У Мирославы зазвенел телефон. Она отошла к окну. Через пару минут вернулась.
– Дочь звонила. Все спрашивает, как украсить квартиру к Новому году.
– Надо зажженную петарду бросить в винегрет. Знаете, как красиво будет!
– Вы опасный шутник.
– А почему, Мирослава, вы не спрашиваете, женат ли я?
– Вы женаты? – спросила.
– Свободен. Мы с женой успели на днях развестись. Хотя лет пять уже живем в разных городах великой России.
– Я знаю. Мне рассказали об этом ваши друзья, когда вы куда-то выходили. А почему вы не спрашиваете, замужем ли я?
– Я догадался, что вы тоже свободны. Иначе вас встречал бы ваш муж.

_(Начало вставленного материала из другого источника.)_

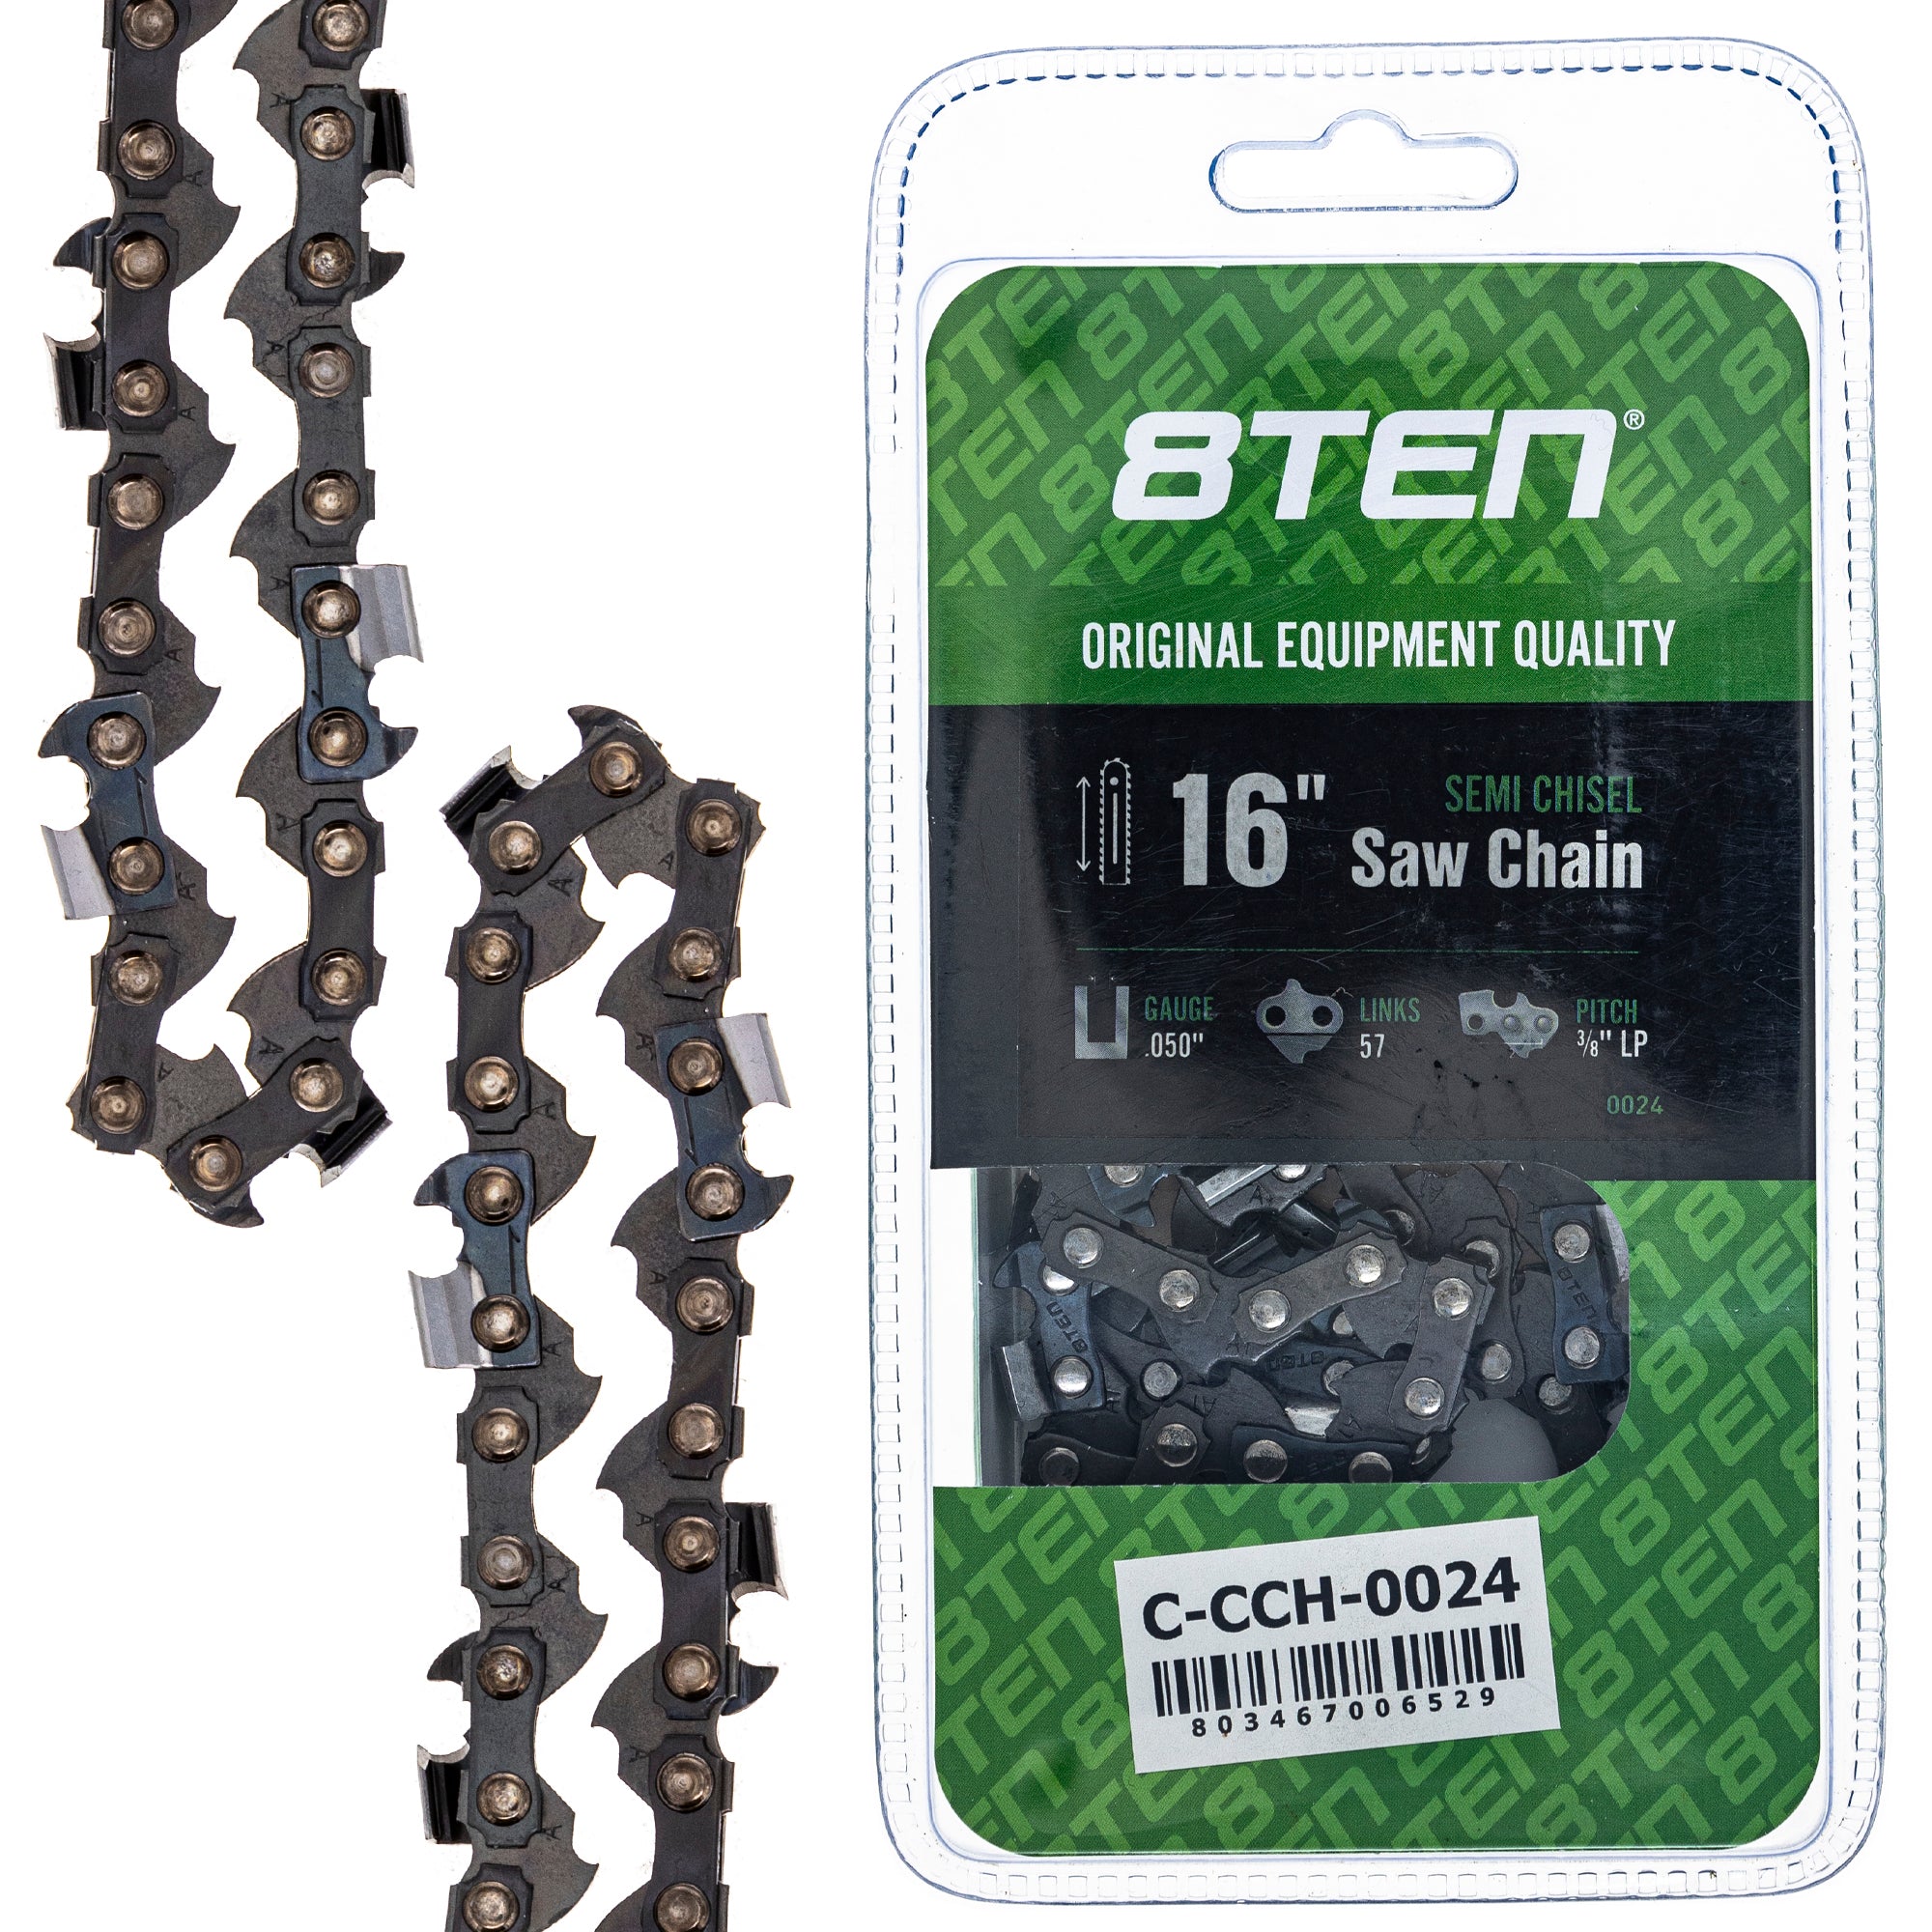 8TEN 810-CCC2246H Chain 6-Pack for zOTHER Windsor Stens Oregon GB

– Логично. Да, мы с бывшим тоже разошлись. А потом он погиб. Так что я не только разведенка и брошенка, но и молодая вдова для полноты картины. Наливайте, Василий, а то уйду. У нас же праздник как-никак. Да и за наше случайное знакомство надо выпить. Как говорил один мой знакомый, это дело нельзя пускать на самотек.
– Согласен. Вы сегодня обворожительны.
– Да?
– Как чудное виденье! Как восемнадцатое мгновение весны! – тихо, как говорят только влюбленные, сказал наш герой.
– Спасибо. Но сейчас зима и на улице холодно, – так же тихо ответила Мирослава.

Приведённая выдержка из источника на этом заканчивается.